More notably, these numbers also do not include lawsuits filed for inaccessibility of mobile apps (unless the lawsuit also alleged an inaccessible website). In an unscientific search, we came across 203 ADA violations lawsuits for inaccessible mobile apps, all filed by three attorneys in Florida and New York.

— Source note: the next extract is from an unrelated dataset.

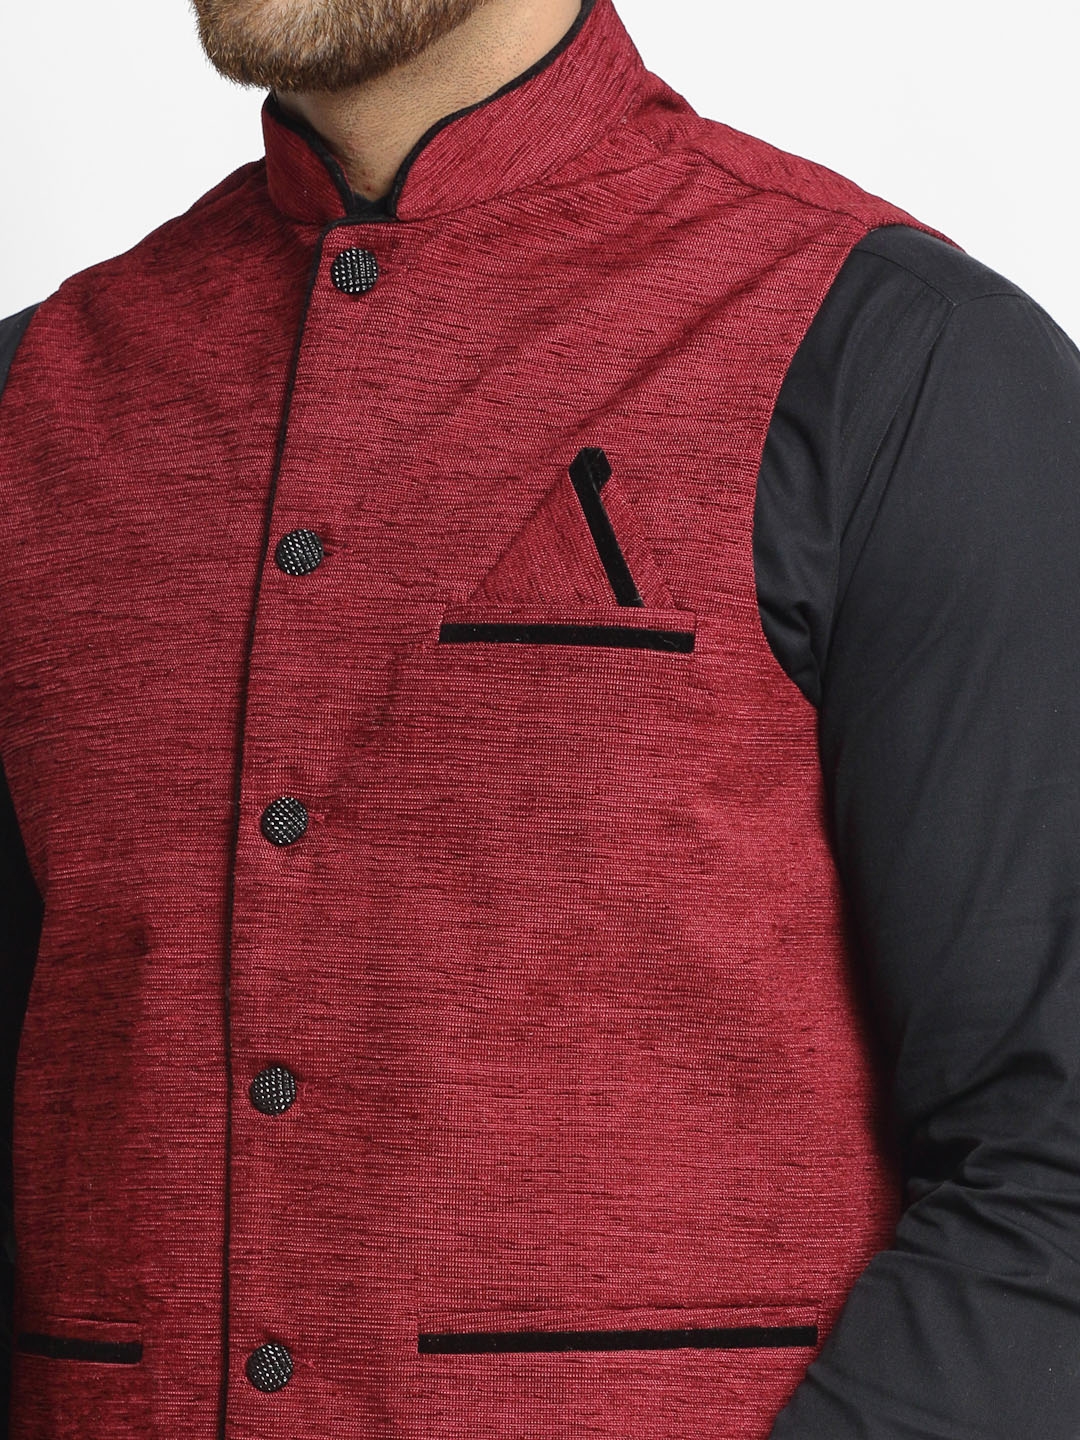 Jompers | Jompers Men's Solid Nehru Jacket with Square Pocket 3

About Our Methodology: Our 2020 numbers are based on keyword searches of data from the Courthouse News Services. As a result, it is possible that there are some website accessibility cases that were not tracked in searches if their descriptions did not include keywords. We then manually review the thousands of entries to remove complaints that may be related to websites but not related to the accessibility of a website to a user with a disability. For example, during the 2018-2021 period, there were a number of lawsuits (a huge explosion of such lawsuits in California in 2021) filed by claimants with mobility disabilities because hotel reservation websites did not provide sufficient information about the accessibility of hotel facilities. We also removed a number of lawsuits from the 2020 census against state and local government agencies under Title II of the ADA for inaccessible websites.